:: Dataset section
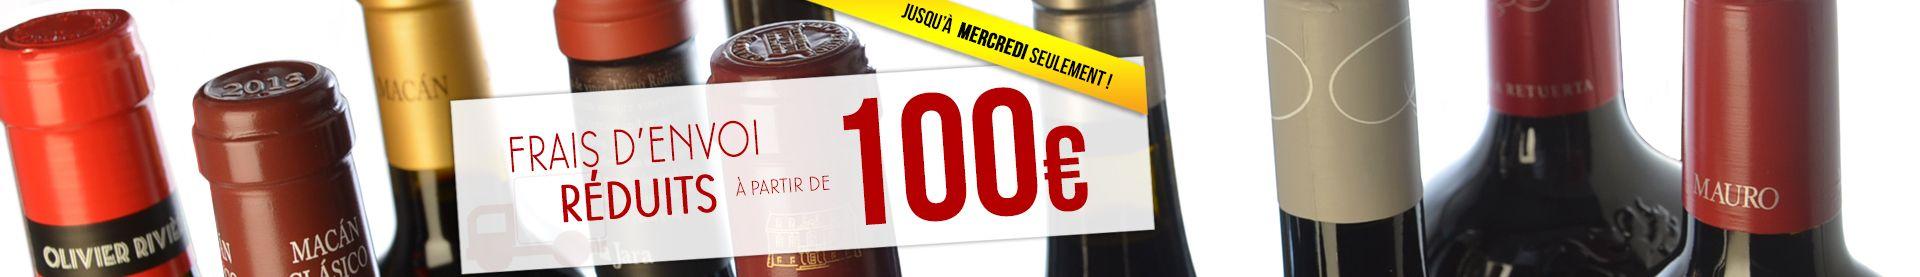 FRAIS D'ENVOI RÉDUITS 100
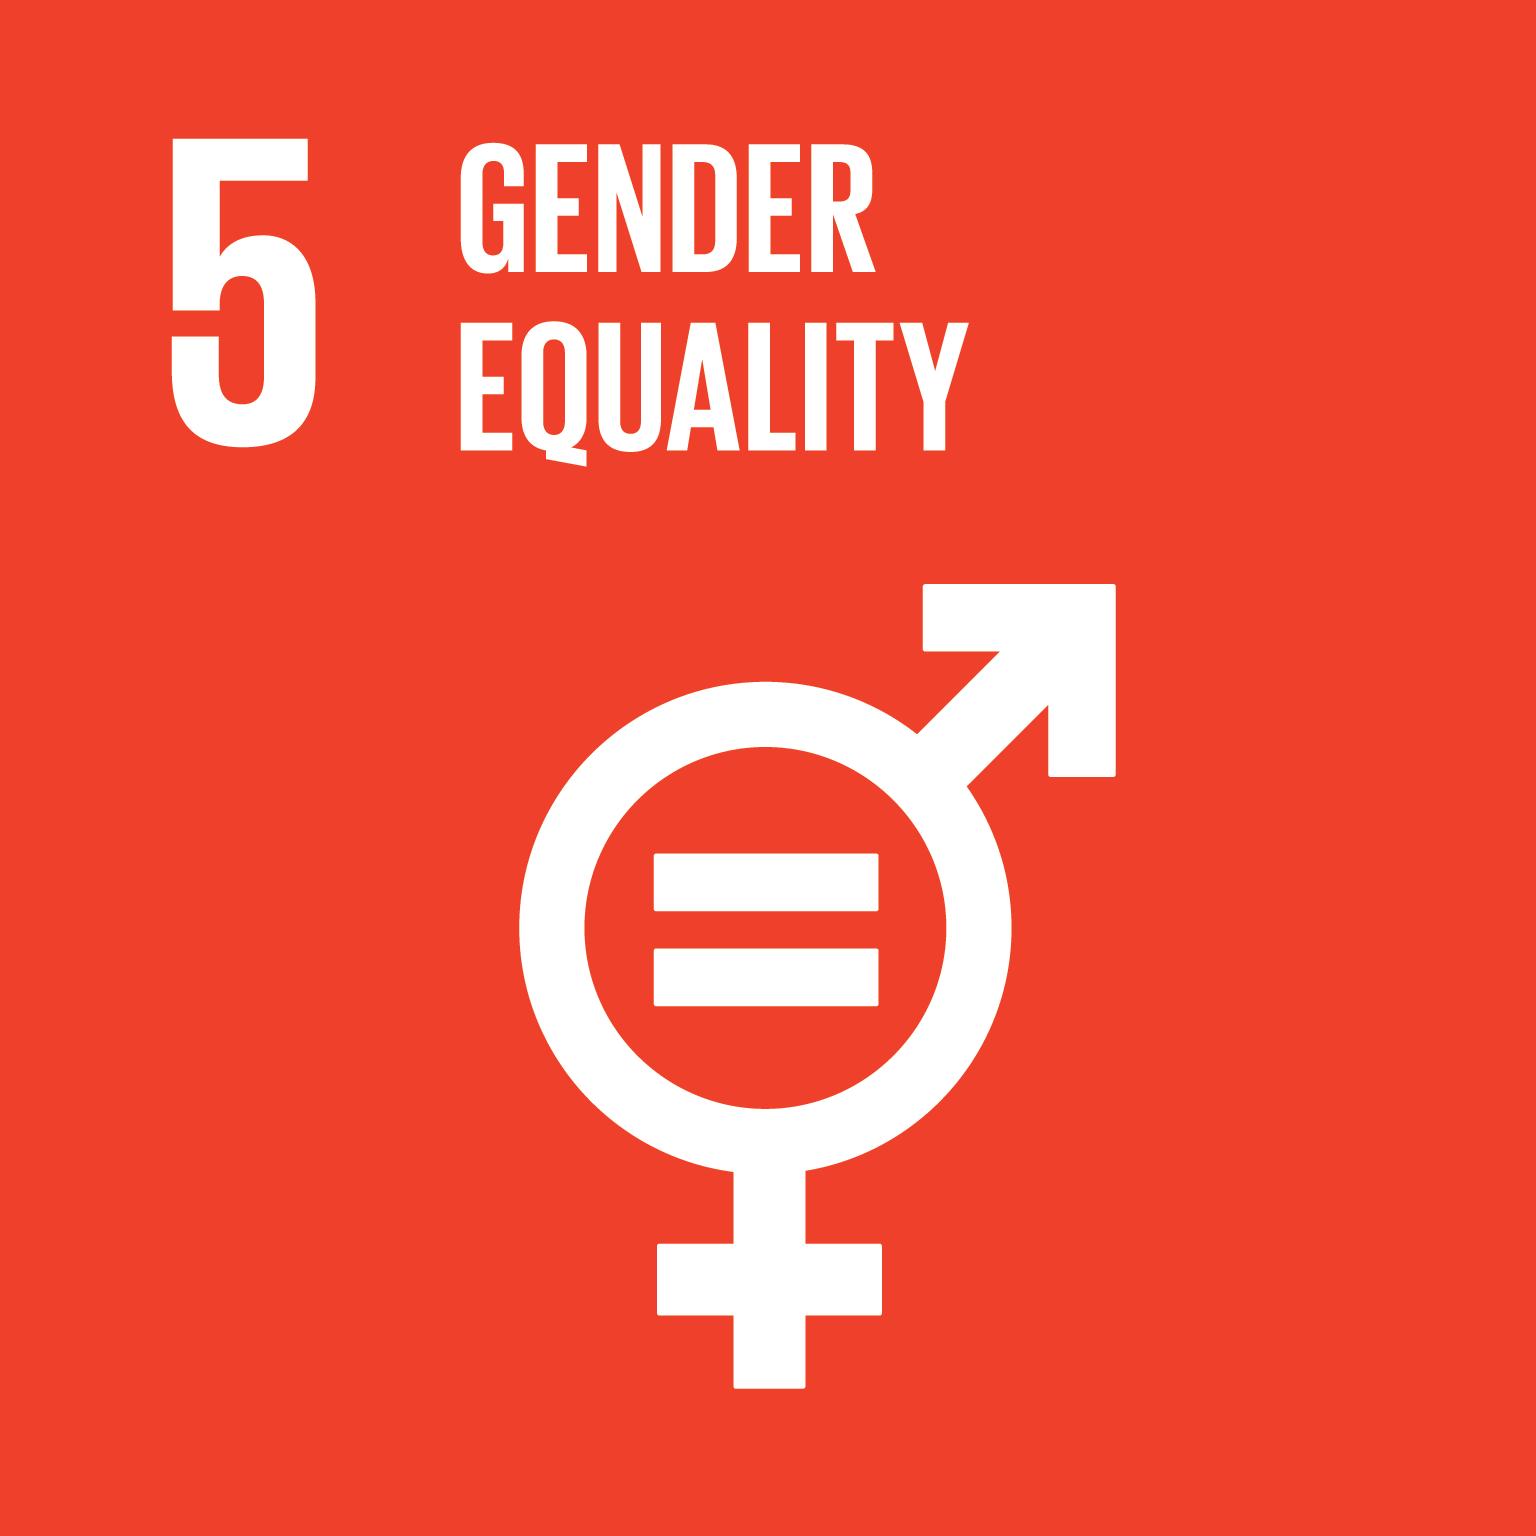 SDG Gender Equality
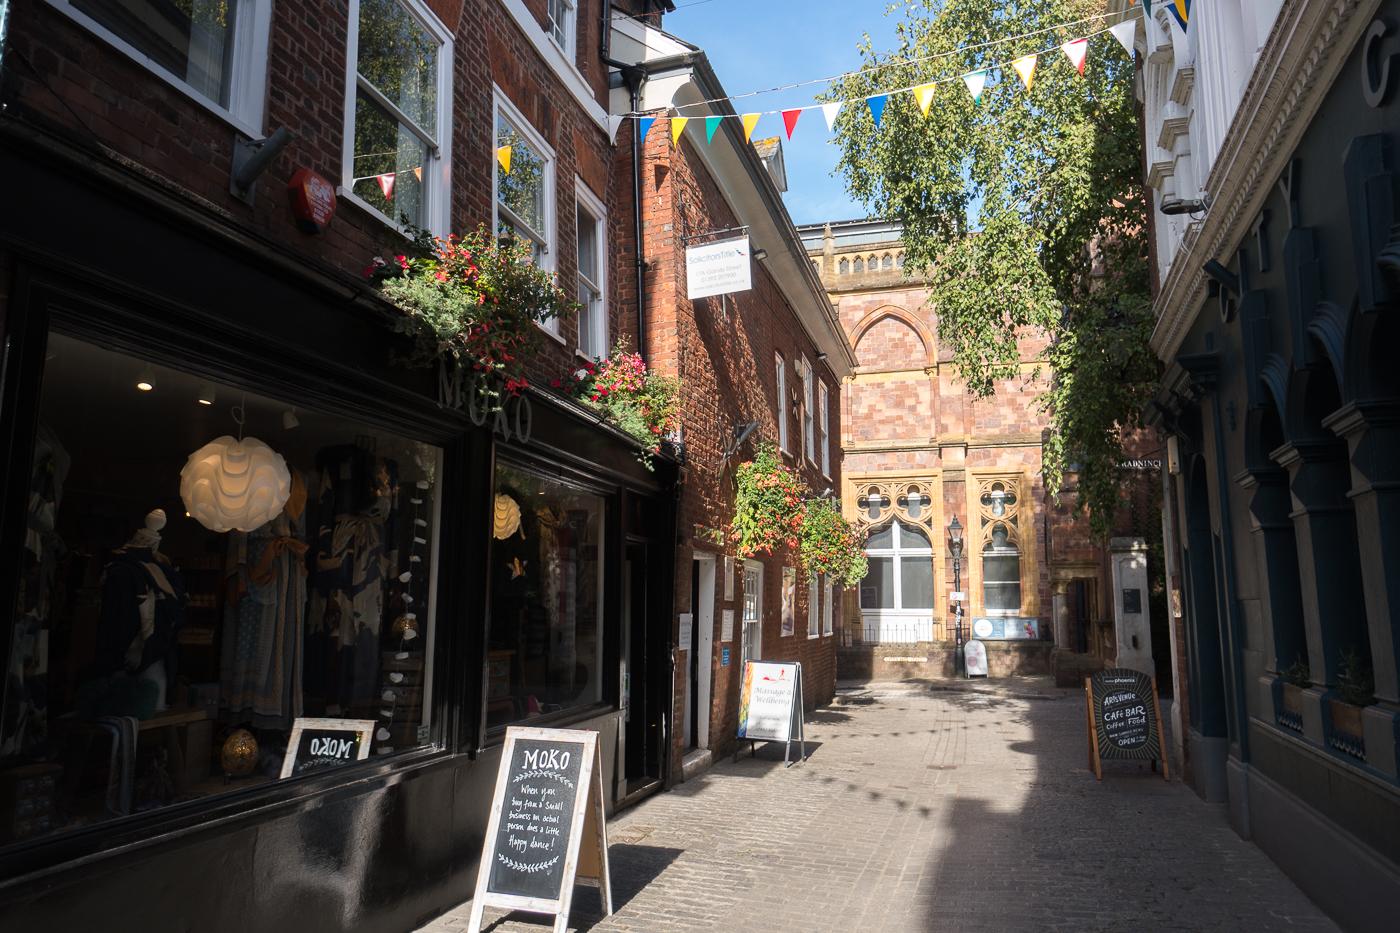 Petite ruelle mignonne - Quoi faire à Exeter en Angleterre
::::
Copy only the lines running from the one that holds "SDG Gender Equality" through the last line of the data, and include both of those lines. Do not copy any pictures.

 SDG Gender Equality
 Petite ruelle mignonne - Quoi faire à Exeter en Angleterre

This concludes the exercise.